Most people know who Robert Pattinson is, but did you know that he is a very private person and doesn’t like interviews? We didn’t either until we met up with him on the set of his new movie, Canes, and he changed our minds. It was a pleasure interviewing the enigmatic actor. Enjoy!
On Set With Robert Pattinson
CANNES, France — On Thursday, June 14, 2018, an eclectic group of around 20 people gathered at a former military school in the northern suburb of Cannes to watch Robert Pattinson act. This was the day before the premiere of his new movie, Canes, and while the actor was polite and professional, it was clear he wasn’t in the mood to socialize.
We had heard that Robert Pattinson didn’t like interviews, so when he agreed to meet with us on set, we were a little nervous. Would he want to talk about the movie or would he just want to get it over with?
We needn’t have worried. As we were about to find out, the actor was just as inquisitive as we were and he wanted to discuss a variety of topics, from his acting process to his tattoos. So prepare to be astonished by this talented man.
Why Are You Making A Horror Film?
CANNES, France — Why are you making a horror film?
It started with my regular collaborators, [director] Fabrice du Roullet and [writer] Christophe Lelievre, and I met up with them in Paris a few weeks ago. They were both incredibly passionate about the material and we began hashing out ideas. I was immediately intrigued and, as a lifelong fan of horror films, I thought it would be a blast to dive into this genre.
I wanted to make something brutal but fun, something dark but surprising. Something that would make the audience leap out of their seats. Something that would stick with them long after the film ended.
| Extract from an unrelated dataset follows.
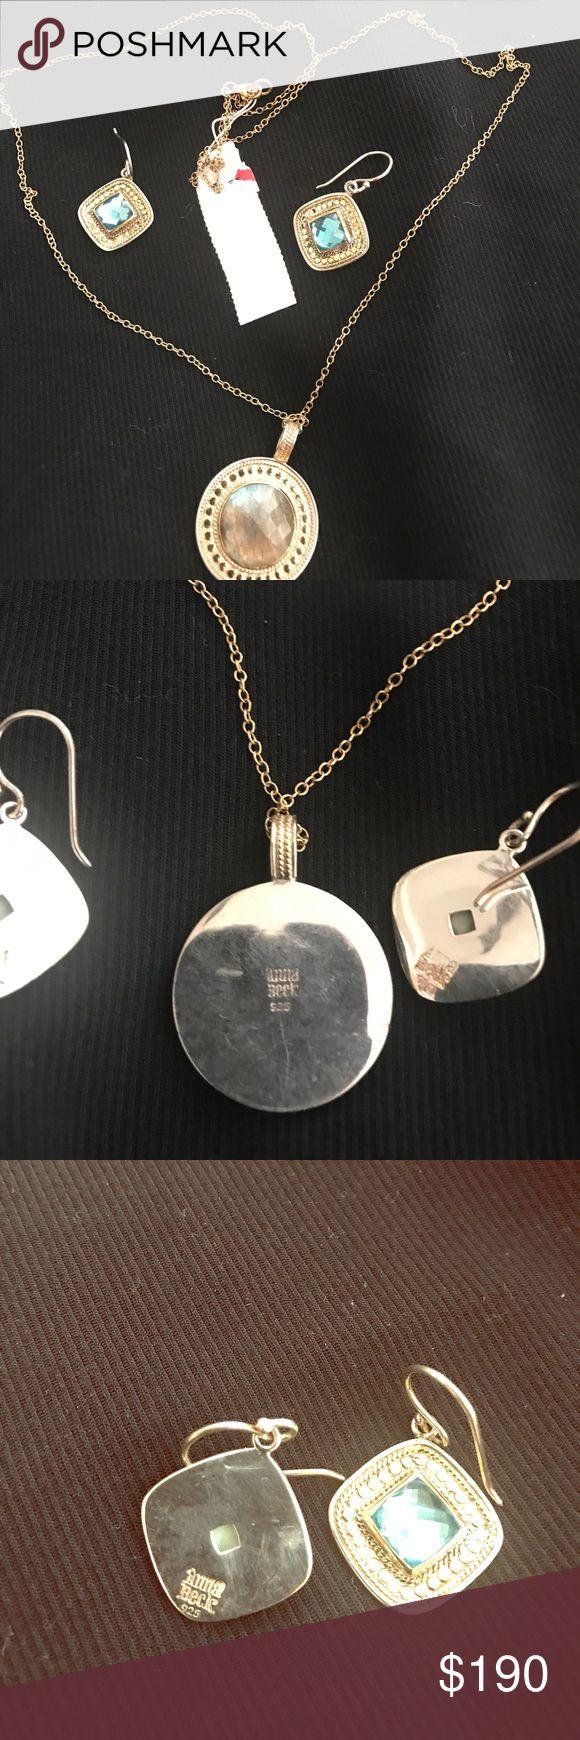 Anna beck necklace 925 silver Anna beck gray blue gold disc necklace labradorite stone anna beck Jewelry Necklaces
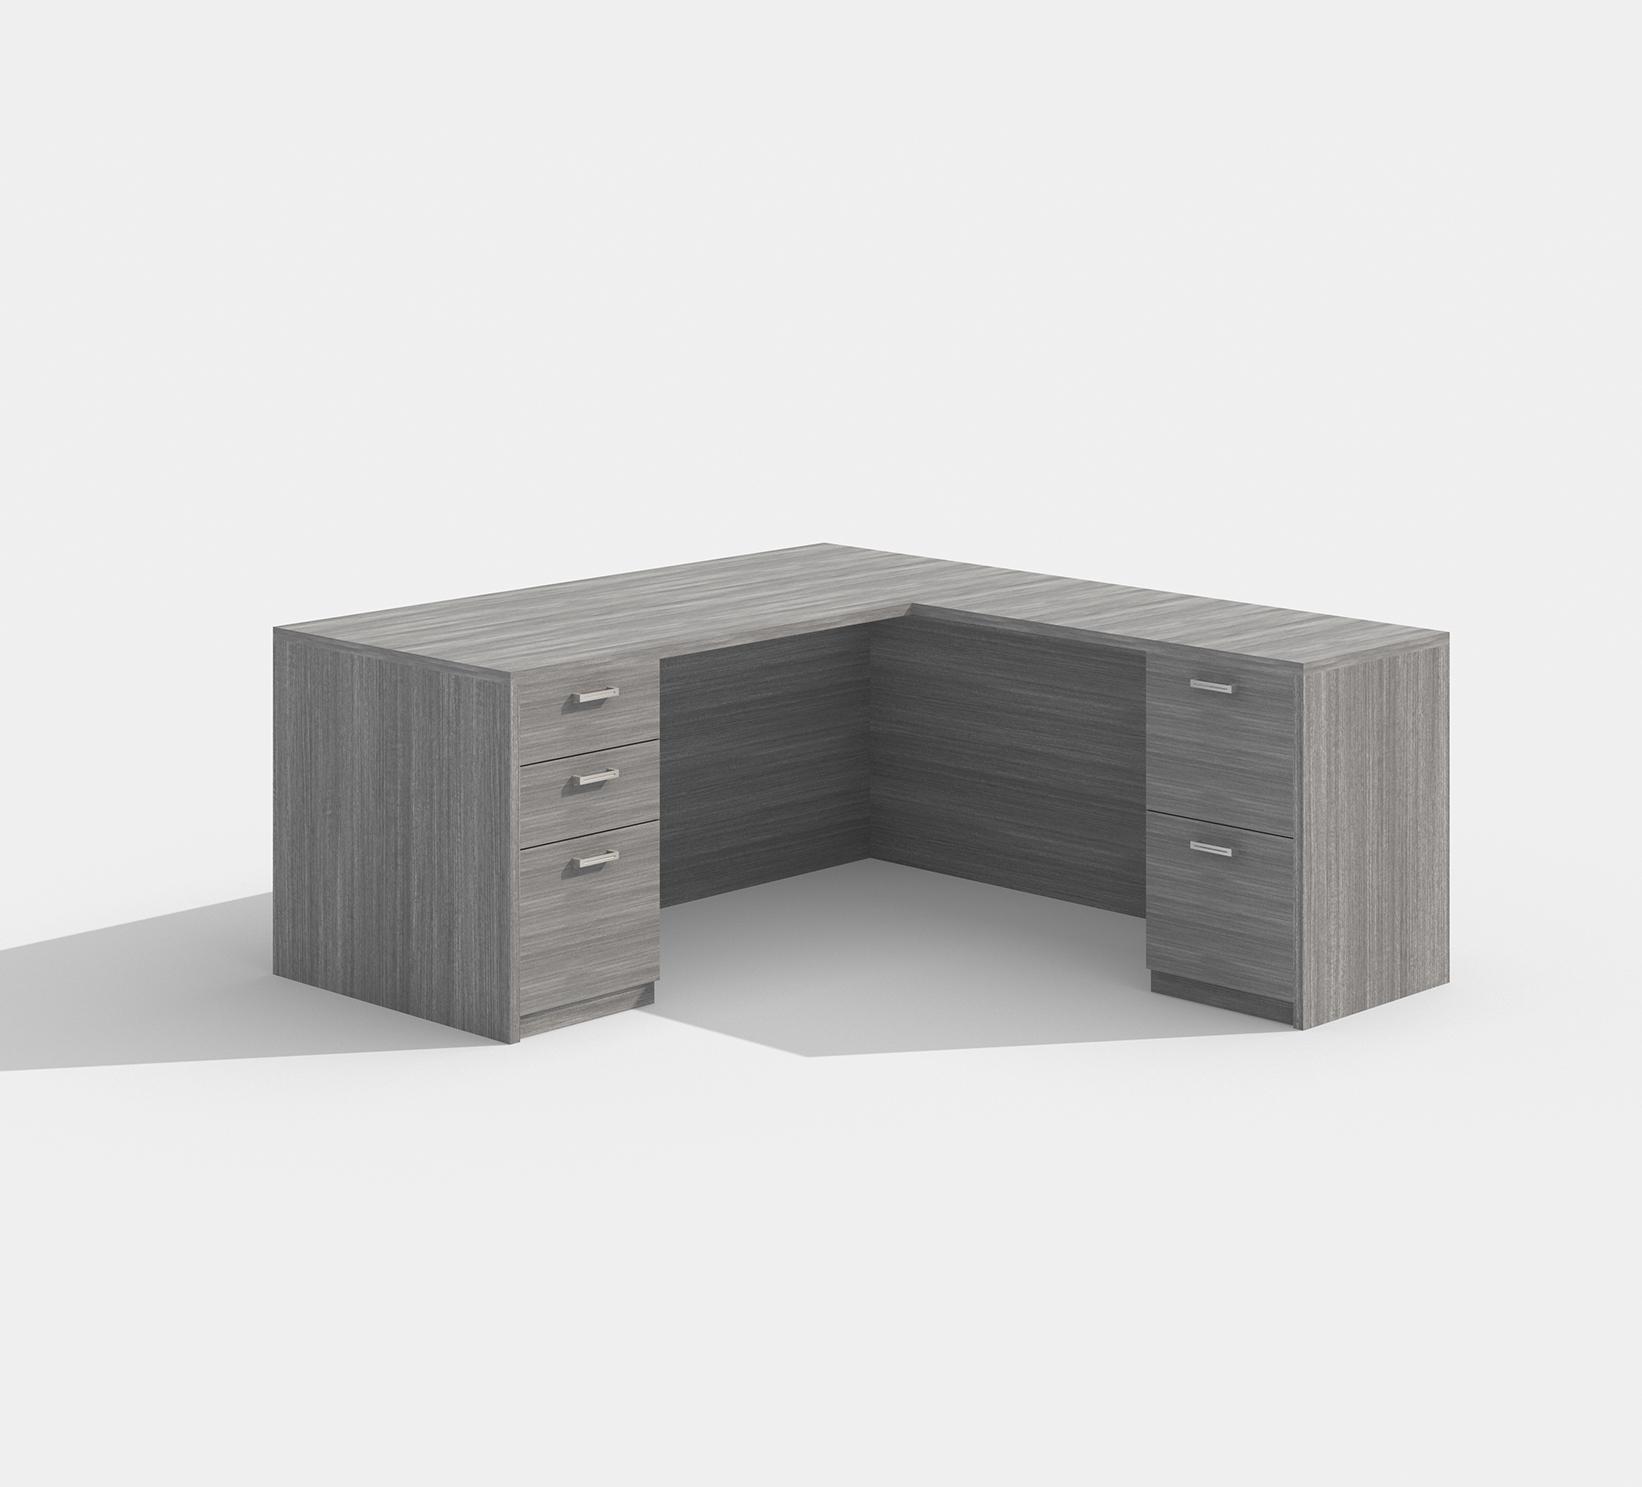 cherryman model am-418n valley gray l-desk

Du Roullet and Lelievre had great admiration for a certain American horror director, Steven Spielberg, and his work in the genre, so I decided to adapt his famous quote: “I like to start off with a bang, rather than a whimper,” into our own version. We decided to call our new project “Spielberg Bang,” which was later shortened to “Spielberg Canes.”
How Did You Come Up With The Idea For The Movie?
CANNES, France — How did you come up with the idea for the movie?
It started with a short story that Lelievre and I wrote together a few years back. We had initially wanted to turn it into a graphic novel, but ended up deciding against it. I think it’s best suited for the big screen, as it’s a little darker than what you’d normally see in print.
There’s also a kind of grim sensibility to it, which I think has eluded many horror films. Even when the material is really terrifying, it doesn’t always translate well to the big screen.
I think people will get a kick out of it. It’s a very unique vision that will hopefully entertain and frighten audiences equally.
What Is The Story About?
CANNES, France — What is the story about?
It’s about a drifter who stumbles upon a family of cannibals in the middle of nowhere and befriends them. He helps them hunt for food and, in turn, they help him find his missing father. Eventually, the drifter realizes that the cannibals want to eat him and turns into a man-eating monster himself. It’s a very dark story, but one that I think will frighten and excite audiences. Especially in the age of fake news and outlandish conspiracy theories, the story’s inclusion of a cannibalistic twist will no doubt attract a lot of attention.
How Long Did It Take To Make?
CANNES, France — How long did it take to make?
It was a very hectic shoot. We began filming in April and wrapped in May. It was a great experience and I’m grateful to the people who believed in this project. It was a labor of love and I hope that it pays off.
What Could You Tell Us About The Makeup And Costumes?
CANNES, France — What could you tell us about the makeup and costumes?
We tried to avoid using real animals for the cannibal scenes, as it was very confronting and disturbing for the actors and crew. We used prosthetics and computer-generated imagery for the zombies and other creatures from the Dark Southeast.
For the drifter, we used a marionette made out of real animals — an anteater, squirrel, and rabbit — which helped add to his deadpan humor and also helped us with the zombie makeup, which needed to be convincing. We had some fun with it.
Any Surprises In The Final Cut?
CANNES, France — Any surprises in the final cut?
There were a few tiny moments that I think will make the audience laugh or jump out of their seats. We were going for a sort of campy horror comedy vibe and I think it worked. Especially toward the end, when everything is going crazy and it feels like a cartoon.
Mostly, I think it’s a terrifying film. Especially when you’re not expecting it. You know it’s coming, but you still don’t know how or when. That’s the fun of the horror film — to not know what’s going to happen next and be completely paralyzed by fear. I hope that everyone else enjoys the ride as much as I do.